◆ Dataset excerpt:
----
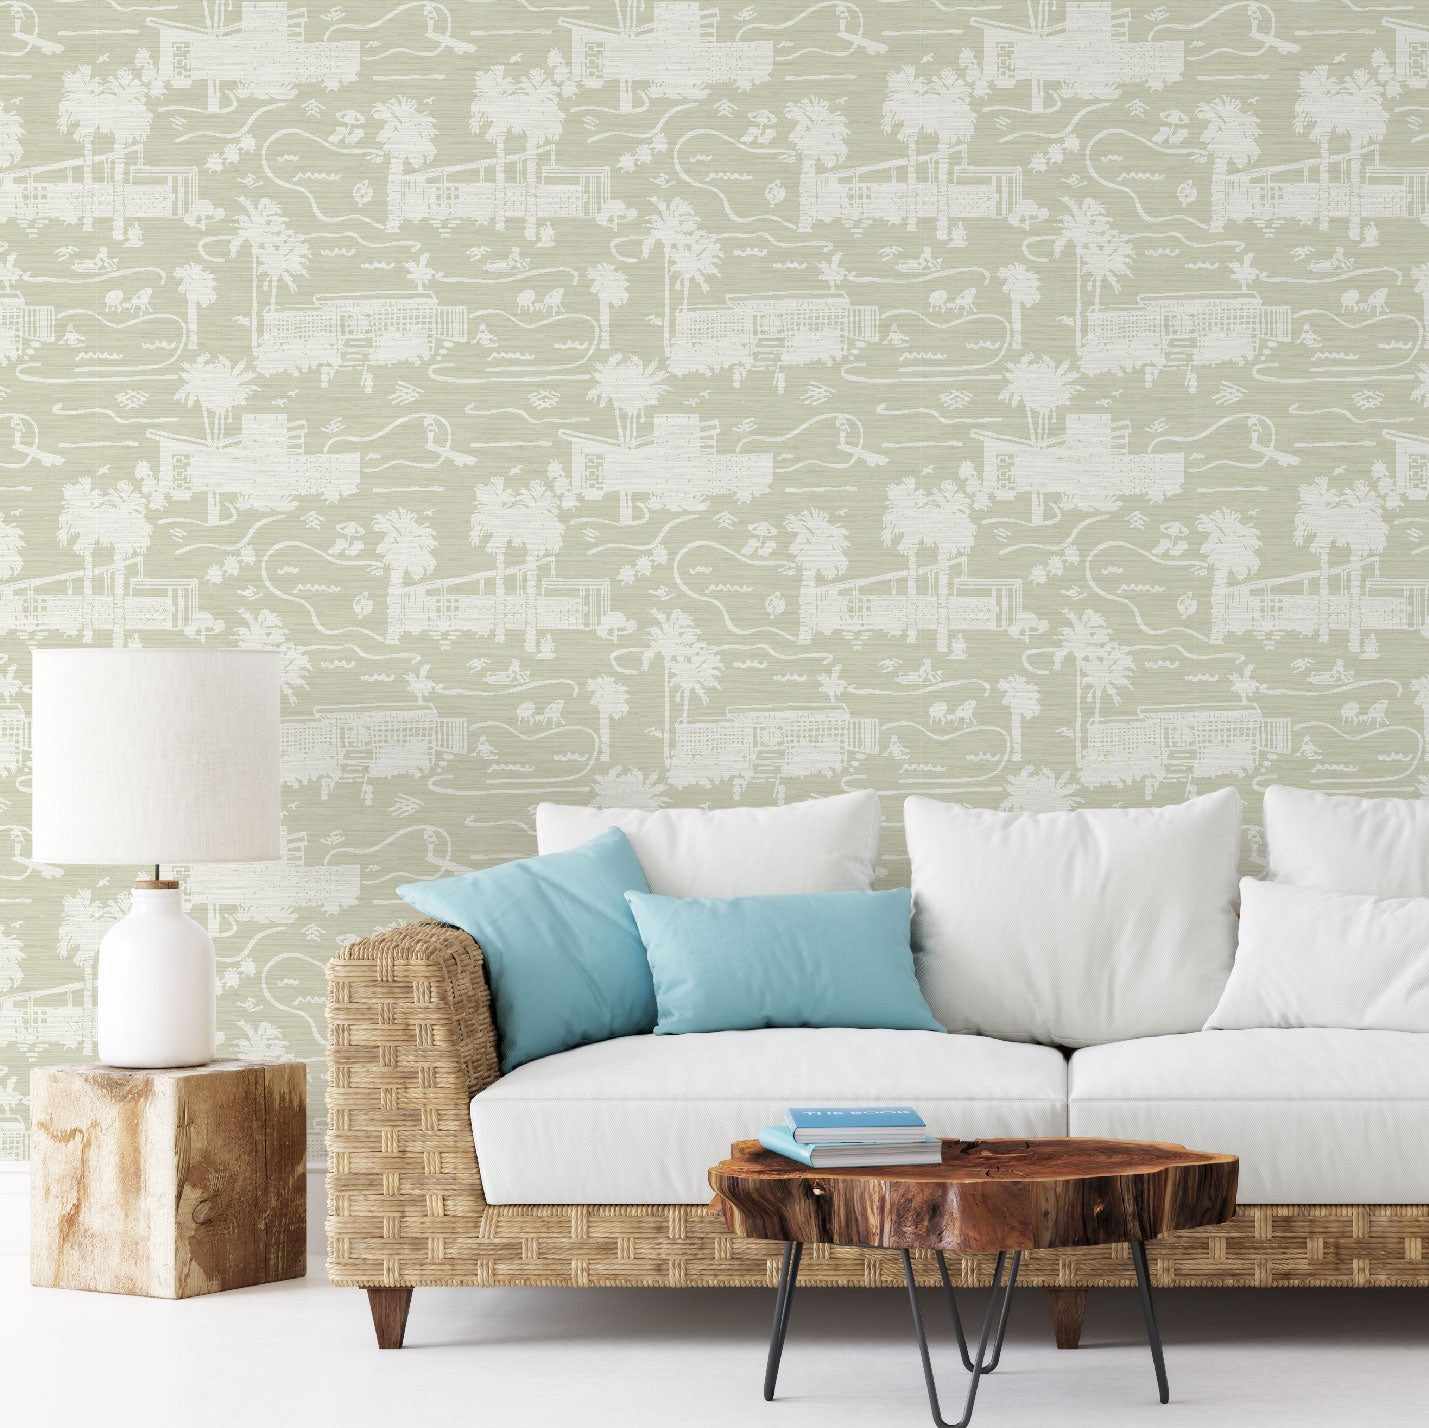 living room with grasscloth toile printed wallpaper with mid century modern houses inspired by palm springs featuring swimming pools, palm trees and secret suntanning ladies in this hand drawn one color printed design with tan base and white print
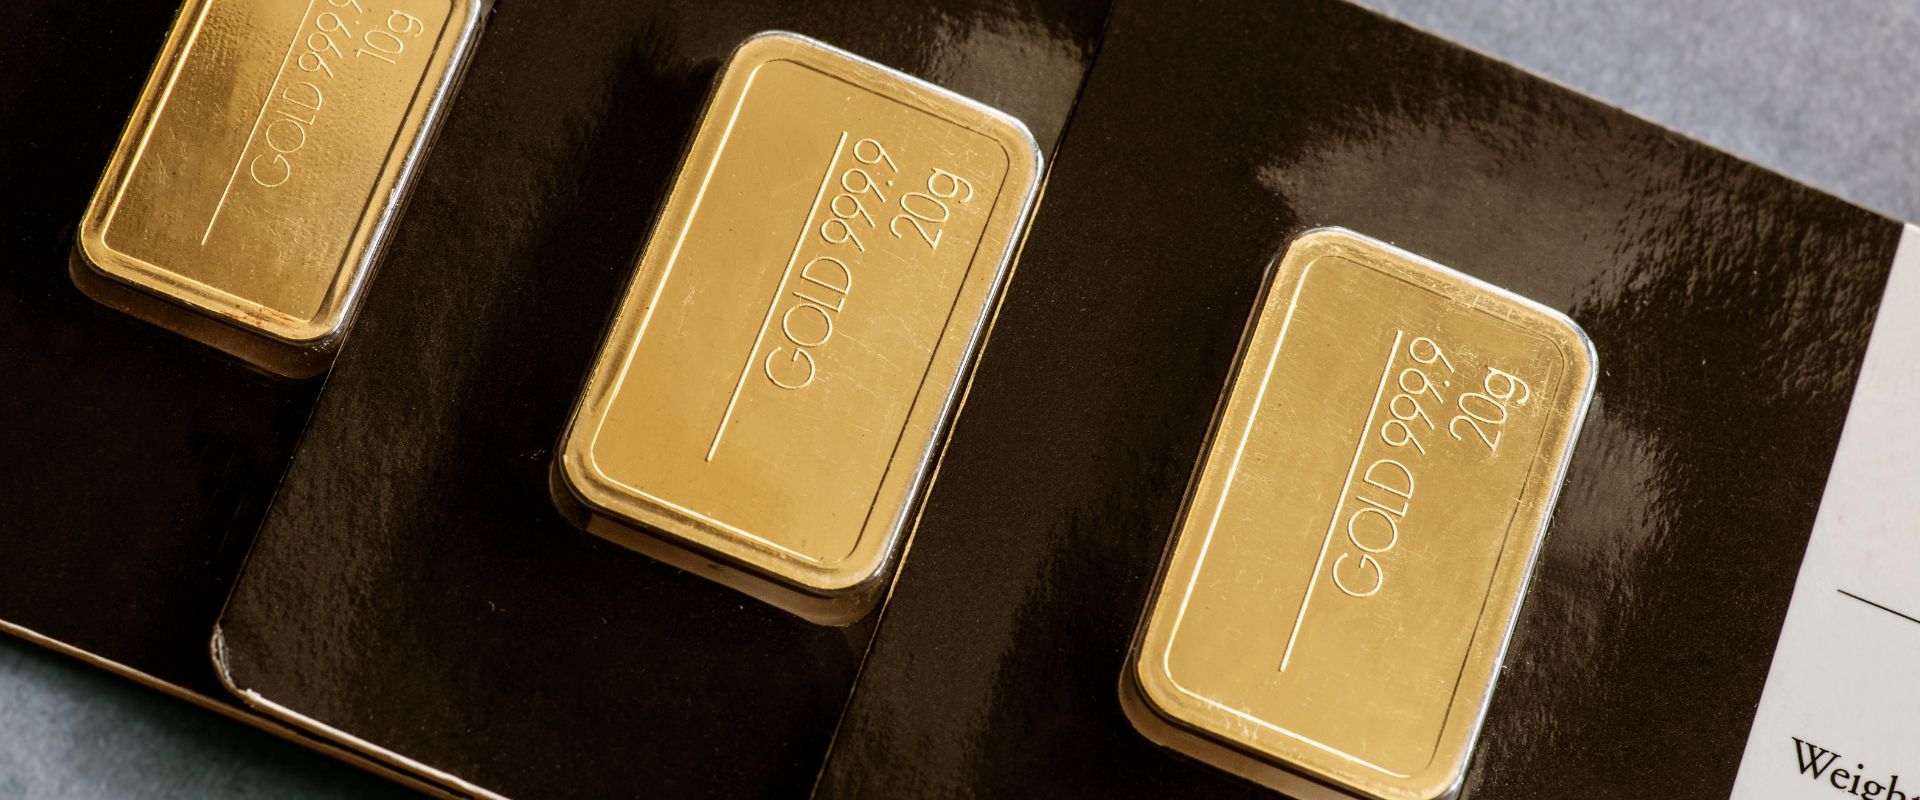 several minted gold bars in different weight
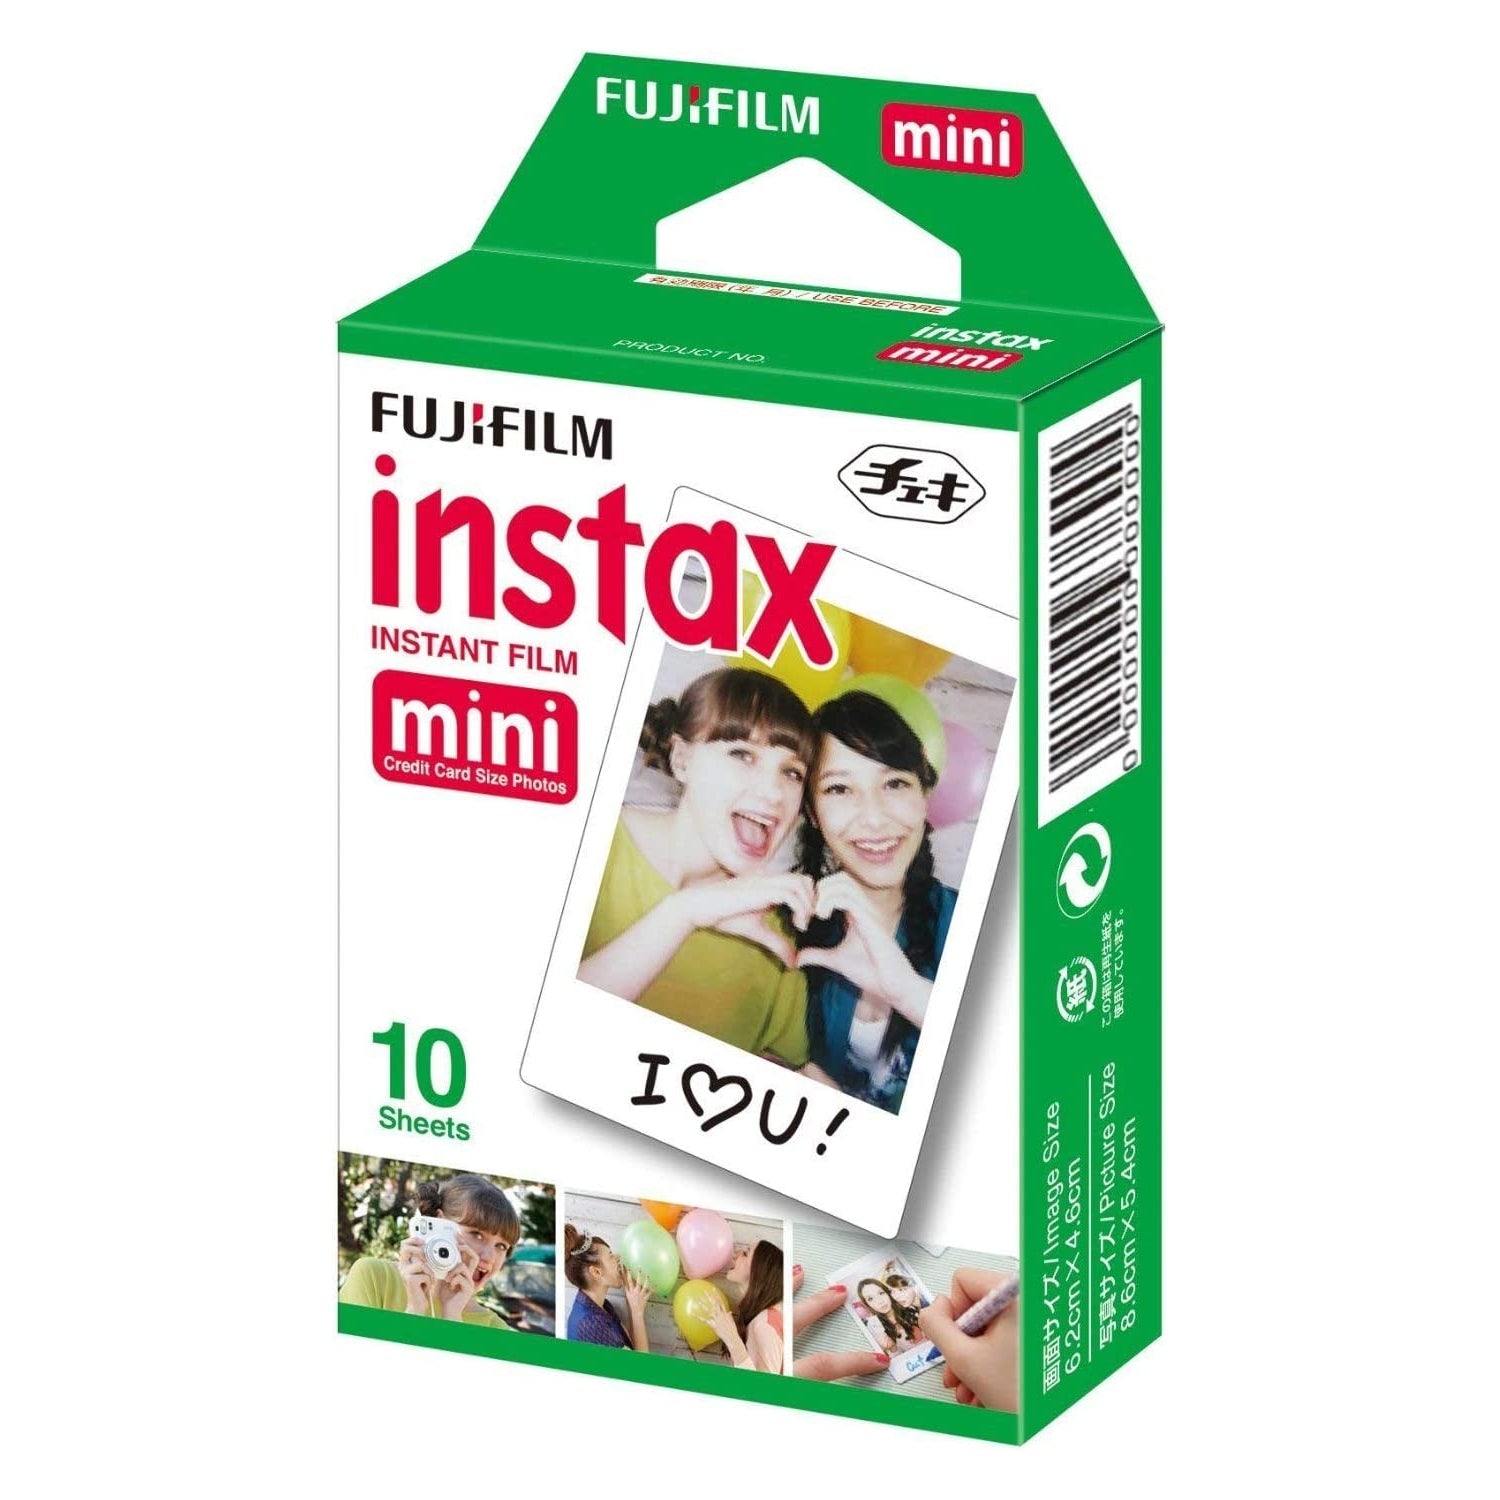 Fujifilm Instax Mini 11 Camera with Clear Case, Films and Stickers Bundle (Charcoal Grey)
----
Exact copy required, pictures excluded: the lines from the one holding "several minted gold bars in different weight" through the last line of the data, both ends included.

◆ Answer box:
 several minted gold bars in different weight
 Fujifilm Instax Mini 11 Camera with Clear Case, Films and Stickers Bundle (Charcoal Grey)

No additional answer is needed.